Hanging the Salem Witches was a Good Idea, said the Zuñis.

From Philip Jenkins’ Dream Catchers: How Mainstream America Discovered Native Spirituality, which I am reading as part of some research on changing attitudes towards shamanism:

In 1882 when a group of Zuñi emissaries visited Salem [Mass.] . . . they congratulated the citizens for their ancestors’ determined response to the witchcraft problem. Through the 1890s, U.S. authorities were struggling to suppress Zuñi persecution of witches in conflicts that nearly led to war. (31)

Which reminded me of one of my all-time favorite articles, Malcolm Brenner’s “A Witch among the Navajo,” or what happens when Pagan Witchcraft meets witch-as-translation-for-our-word-for-evil-magic-worker.

At the time of writing it, Malcolm was a newspaper reporter in Gallup, New Mexico, and the Zuñi tribal government was part of his beat. Previously he had lived on the Navajo reservation to the north, during which the events he described took place. His website.


8 thoughts on “Hanging the Salem Witches was a Good Idea, said the Zuñis.

  1. Interesting. I am in the middle of “Witchcraft in the Southwest: Spanish & Indian Supernaturalism on the Rio Grande,” (Marc Simmons, U of Nebraska Press) a book which echoes this sentiment over & over. I would offer up a relevant quote regarding the Zuni here, but the book unindexed — very annoying.

    I have an old & precious friend who was instructed by his Cherokee elders in traditional medicine. (Gah, that sounds so cliche, but it’s true.) He was always ambivalent about my use of the word “Witch.” When I regurgitated the alleged etymology of “Wicca” as “to change or bend” (I remember this so well) his eyes grew large, then dark & he told me that was exactly how he understood witchcraft & it was to be frowned upon. (This has heavily influenced our intense yet sometimes ambivalent bond.) Twenty years later, I don’t think his opinions about this have changed — there’s this differentiation between people who use magick for their own selfish purposes (witches) and those who work for the benefit of the community (healers/priests). I am not sure Pagan Witchcraft’s ideology can ever cross that cultural divide.

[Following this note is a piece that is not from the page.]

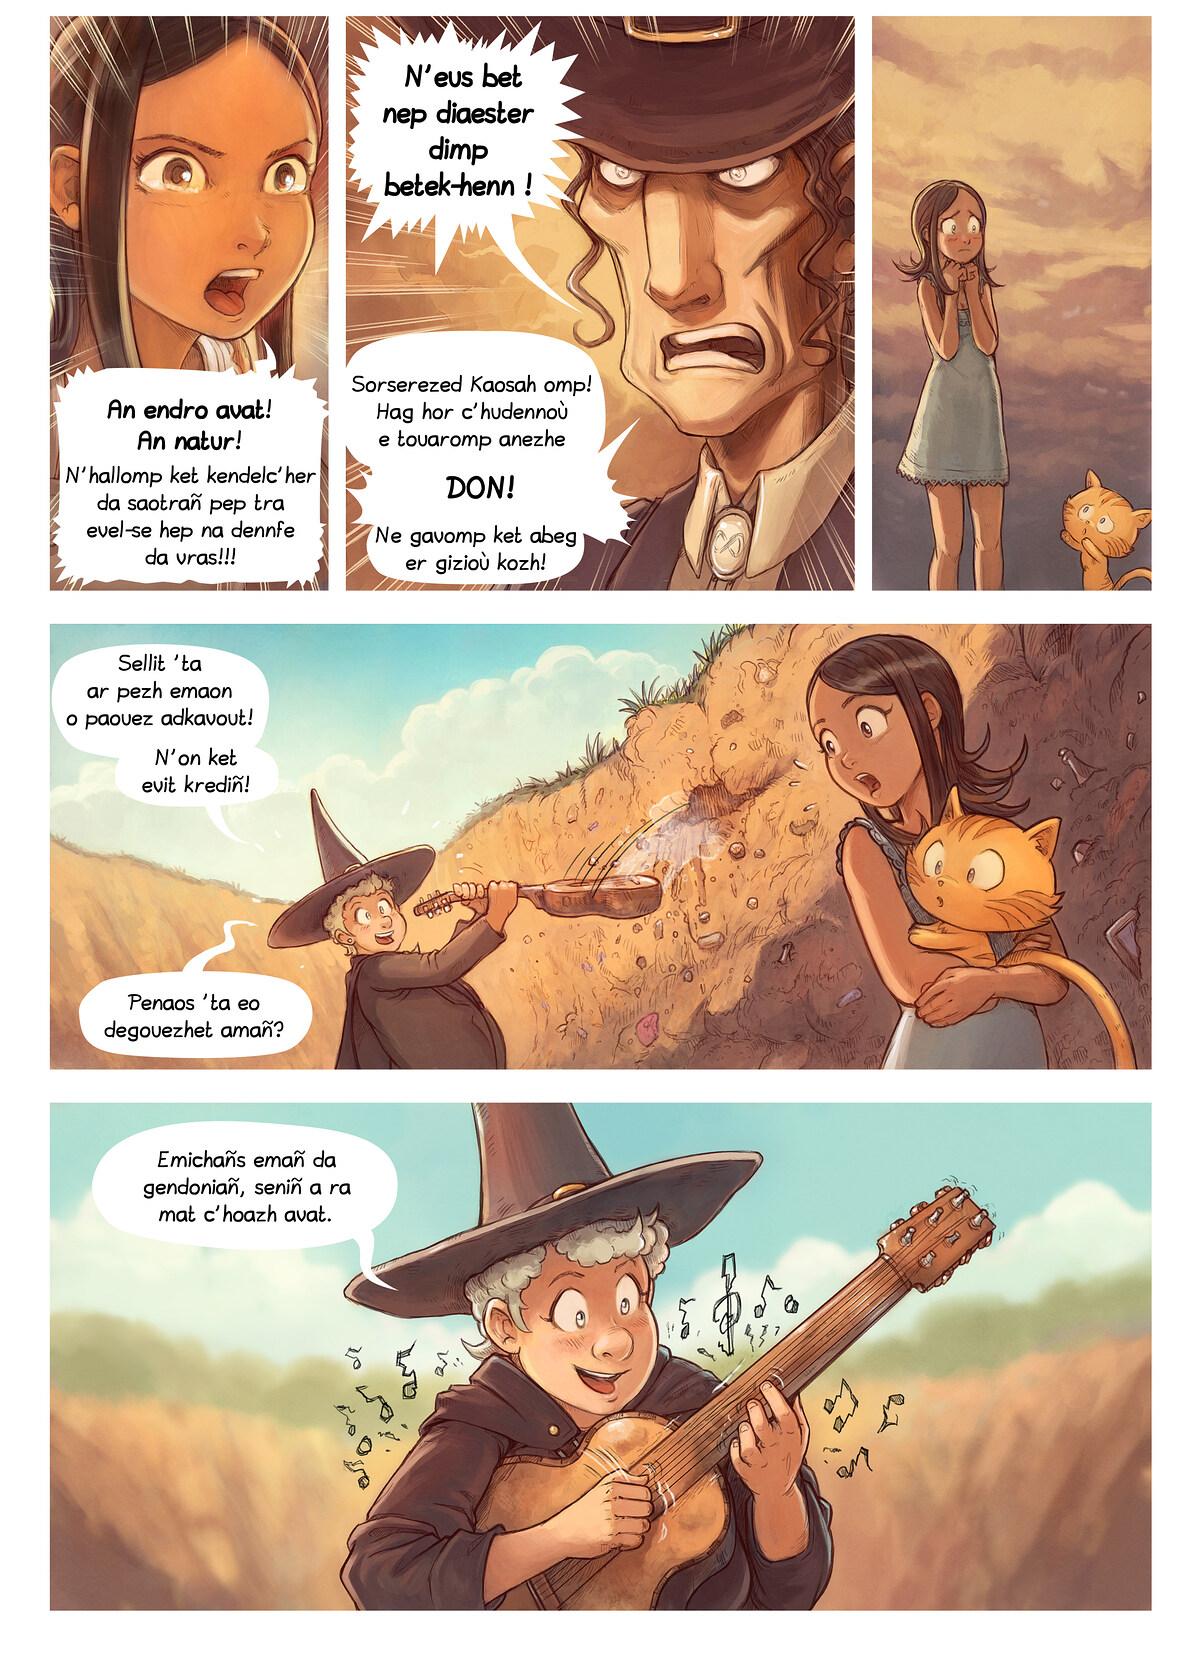 A webcomic page of Pepper&Carrot, rann 19 [br], pajenn 6

  2. Isn’t it obvious that there is a serious issue with translation here? The Zuñis were accepting the New Englanders’ claim that the “Witches” in question were all inherently evil. But what if the good Puritans had explained that their definition of Witchcraft was not limited to workers of malefic magic, but also covered those who heal, find lost objects, foretell the future, communicate with the dead, and even those who can perform protective magic against malefic “witches”? And what if the Zuñis found out that some of the Puritans actually thought that “Witches” who healed and performed other beneficial magic were more dangerous and more deserving of death than “Witches” who curse?

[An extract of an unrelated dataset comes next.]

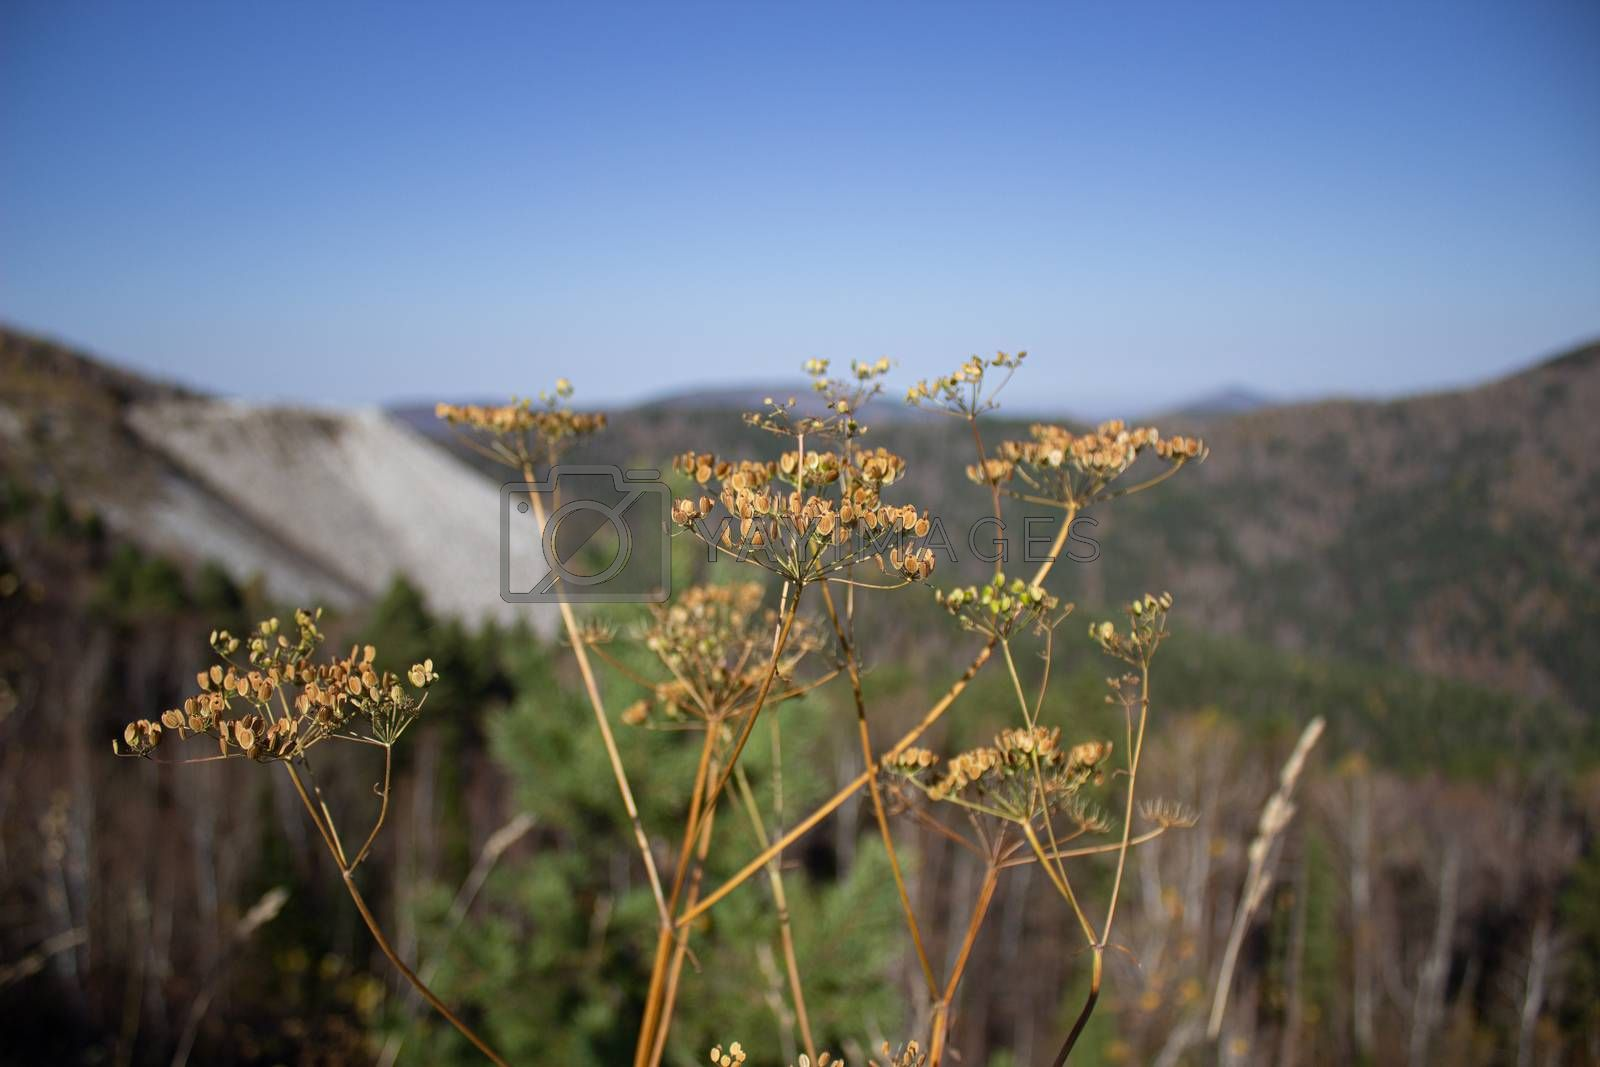 Two Eryngium monocephalum, Beautiful dry thistle bloom plant on volcano, dry, climate, mountain range, summit, macro close up, foreground, background mountains

    One must always be very suspicious when attitudes toward “Witches” and “Witchcraft” are attributed to people whose native language is not English.

    1. Rombald

      Yes, but within European/Christian history there was also a tension between whether the “witches” to be persecuted were (i) anyone using supernatural powers, or (ii) people using such powers to do harm.

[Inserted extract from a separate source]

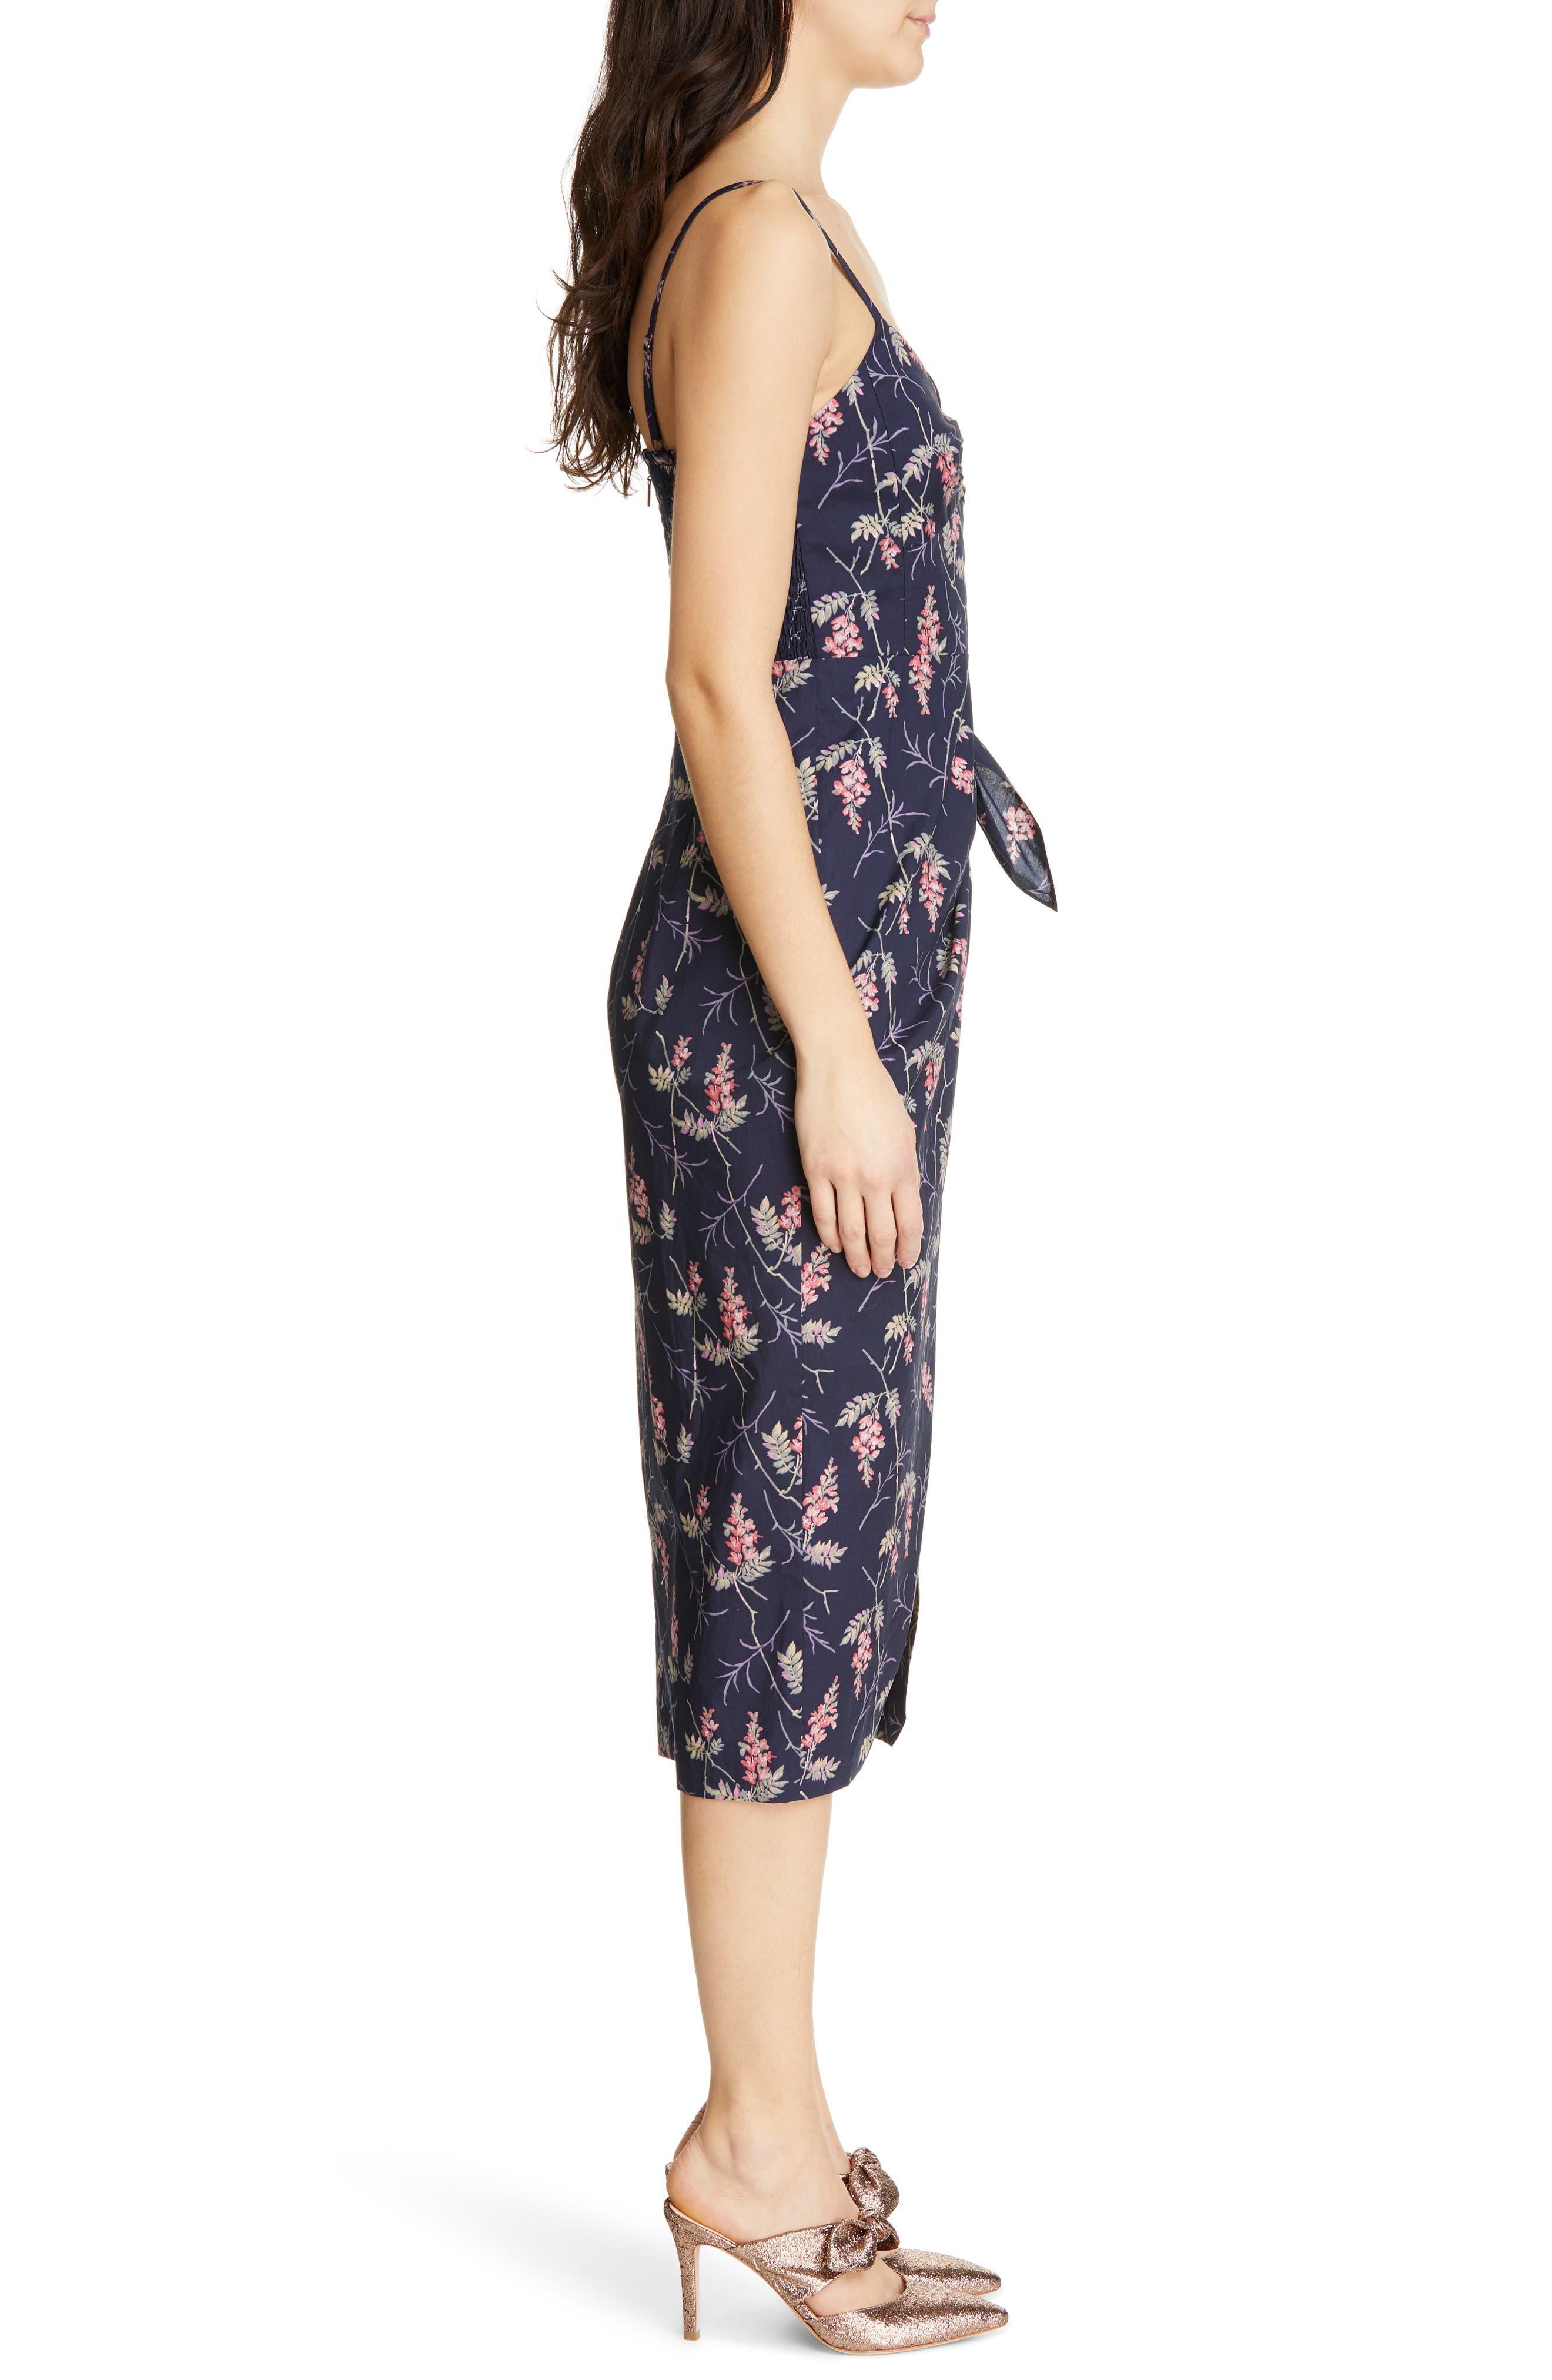 REBECCA TAYLOR, Ivie Floral Sleeveless Cotton Midi Sundress, Alternate thumbnail 4, color, NAVY COMBO

      For what it’s worth, I think the punishment of people in category (ii) is, in principle, justified, although in practice I would generally oppose it just because of the difficulty of obtaining proof.

    1. Gareth

      Yeah I did a quick google search on Brenner to see if he’d written anything else of interest. I’m sure what he has written is of interest to some, just not to me.

  3. Gareth

    Just read “A Witch among the Navajos” it was a very interesting read. I’m curious to know how various indigenous religions view and interact with contemporary Western Paganism. Brenner mentions that it was often presumed that all ‘bilagaanas’ were Christian; personally I’m more concerned with Paganism being conflated with New Age.